There is more pics, for all champs 3 day out (& meeting), go to:
www.flexonline.com
www.muscletime.com

----------


## JdFlex

He's looking BIG! Its amazing to me that someone who is already so freakin' huge can get even bigger. The progress is so far beyond normal genectics its almost unbelievable.

----------


## decadbal

> jay never was number one.


man i love it.... great reply...hes the number one losa...

----------


## justin2305

aight meaning #1 to me bros...........

----------


## JayCutler

Cutler looking good , 20 pounds more then last year , this is going to be very close between jay and coleman , i see jay actuly pulling the upset here

----------


## wink182

sorry guys but jay is the man. He is right on ronnies azz. The man is unreal!
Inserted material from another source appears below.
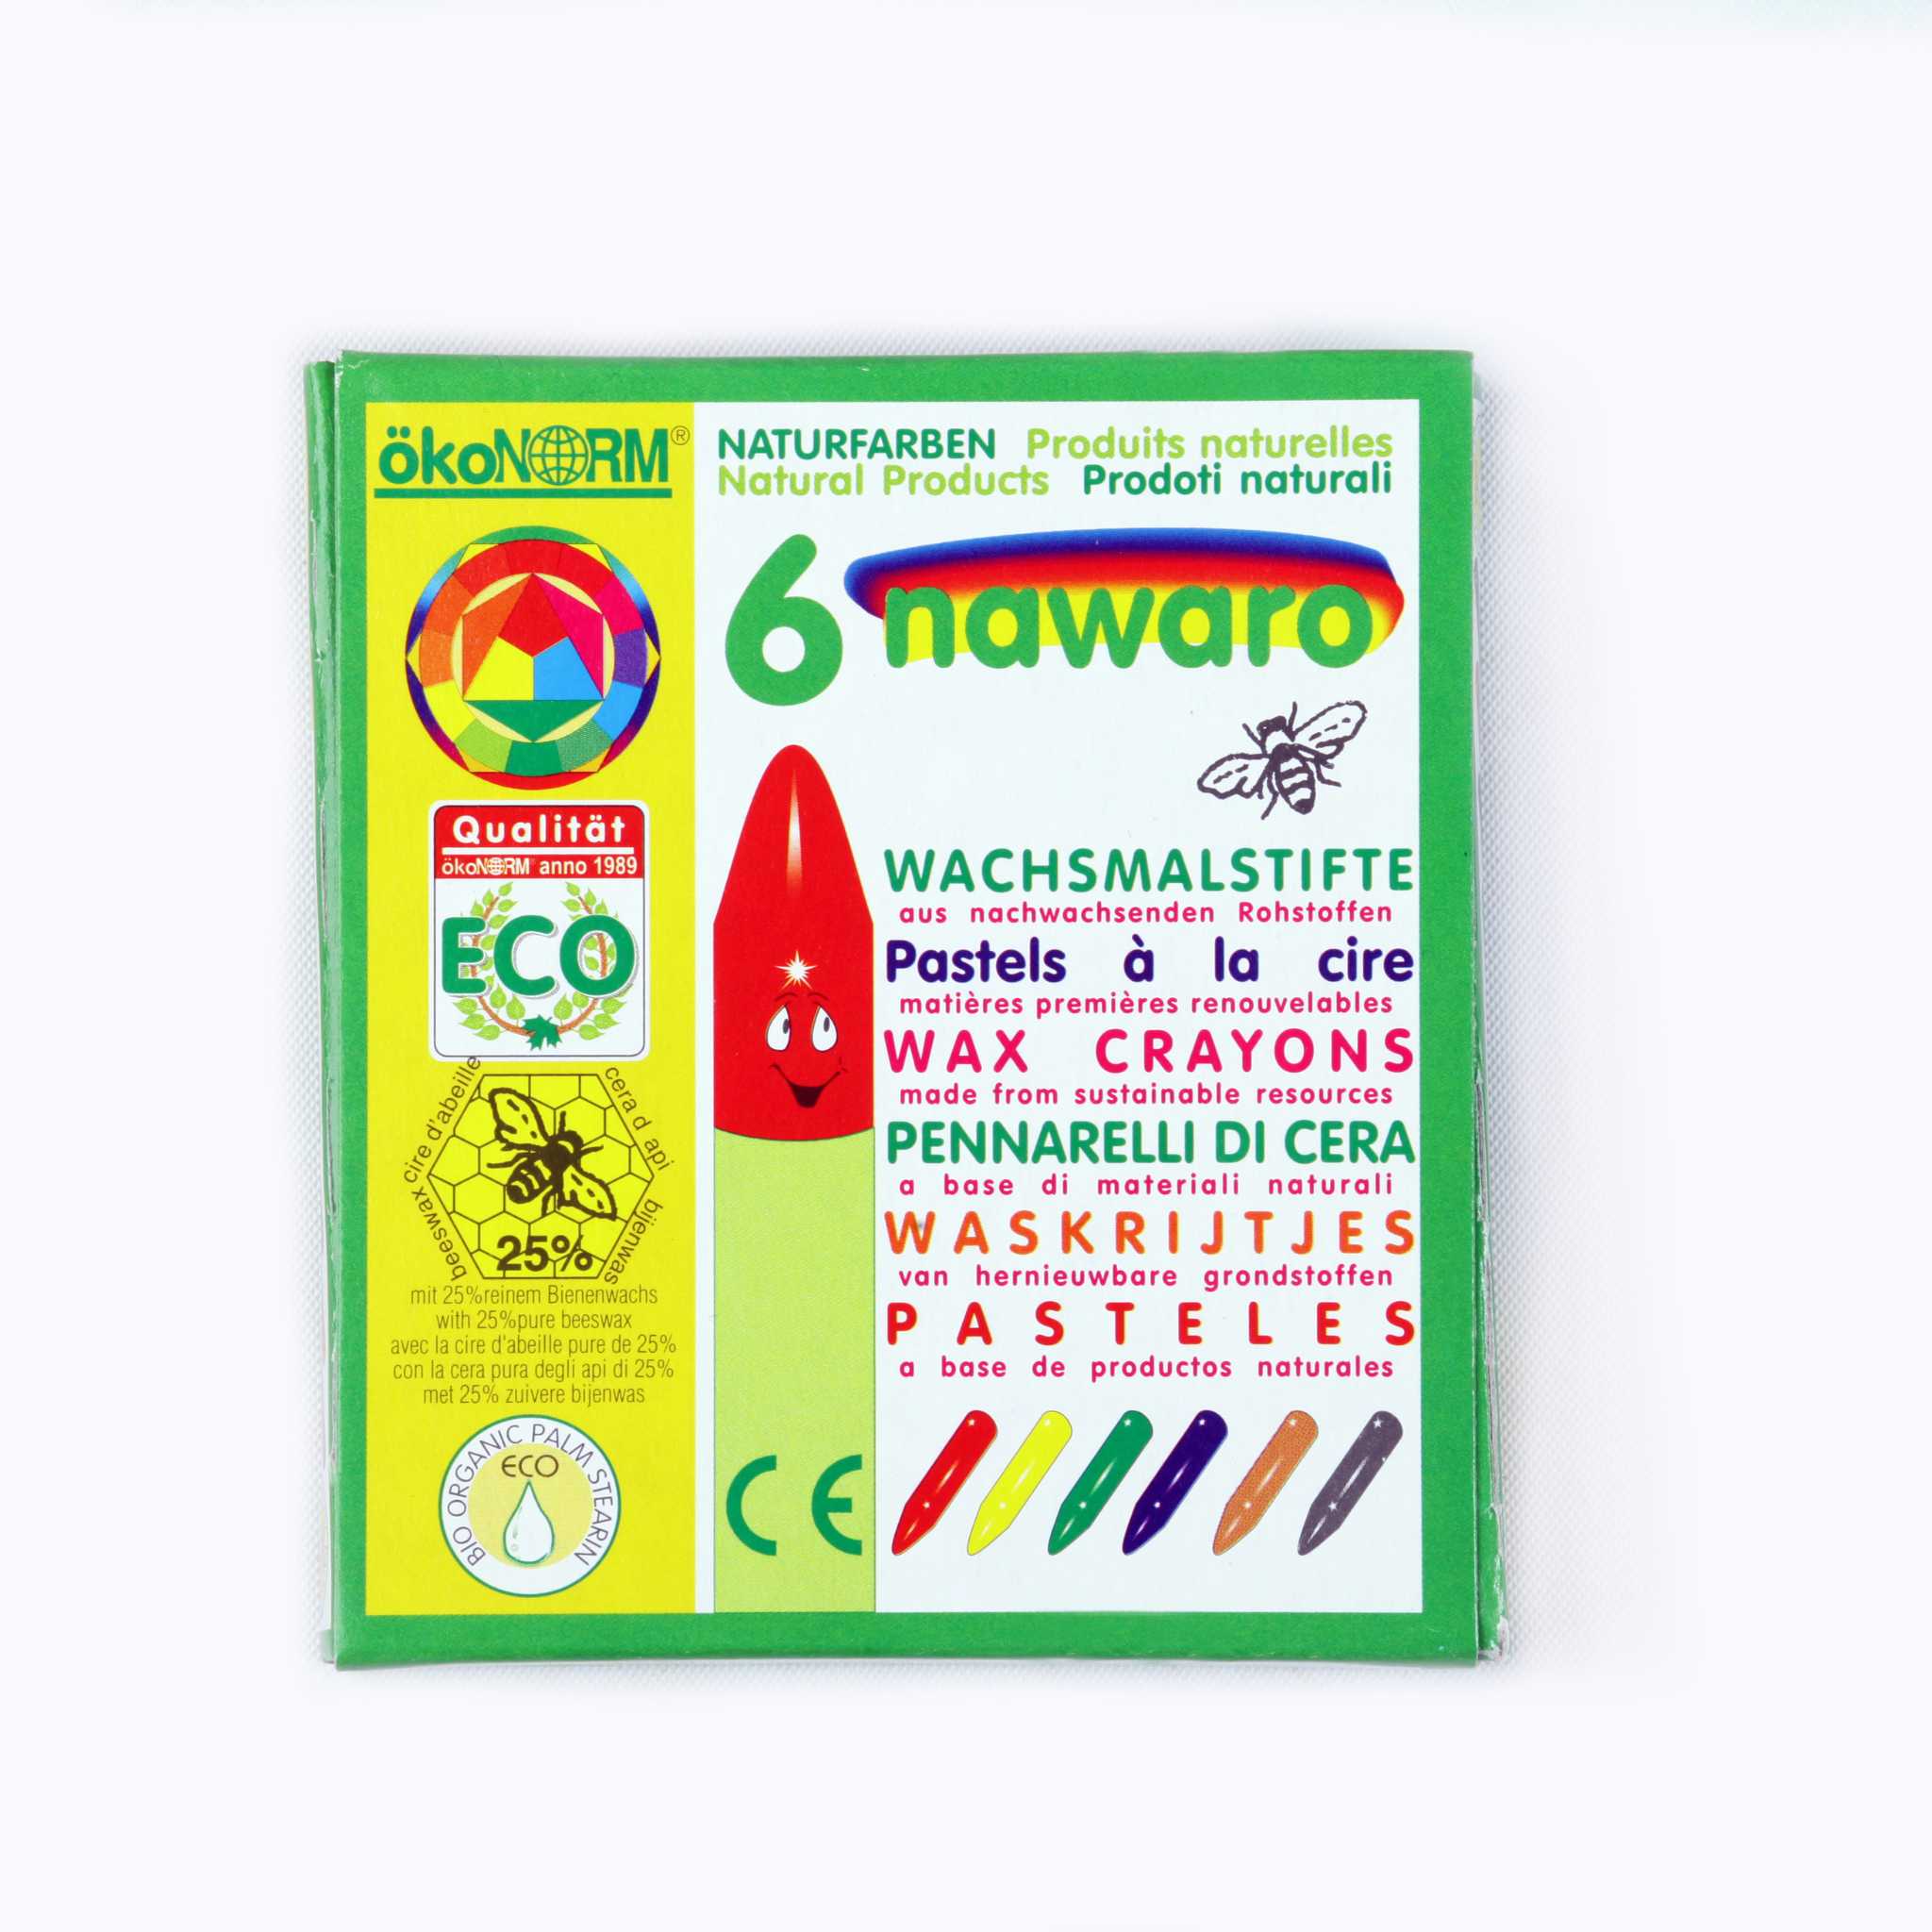 OkoNORM Wax Crayons 6 Pieces Packaging

If he does not win it will be a tragedy.

----------


## anabolicwannabe

sorry wink182, but the thread is over a month old
and by "if he does not win" i hope you're referring to the next olympia, cause this year's one is already over..  :LOL:

----------


## nomore1324

i think he is awesome, definitely worthy of everyone heres respect, but coleman lats are just too much to mess with,take a look at a lat spread pic, there is one of him next to jay both hitting the lat spread, and there is just no contest

----------


## BigRuhl

Cutler is the man! NEW Mr.O!

----------


## keth'naab

no wonder you got banned, ya putz.

----------


## SVTMuscle*

yeah and the Seahawks are the new superbowl champs! w00t !!!!

----------


## RuhlFreak55

> Cutler is the man! NEW Mr.O!


shouldn't you be supporting your namesake?

----------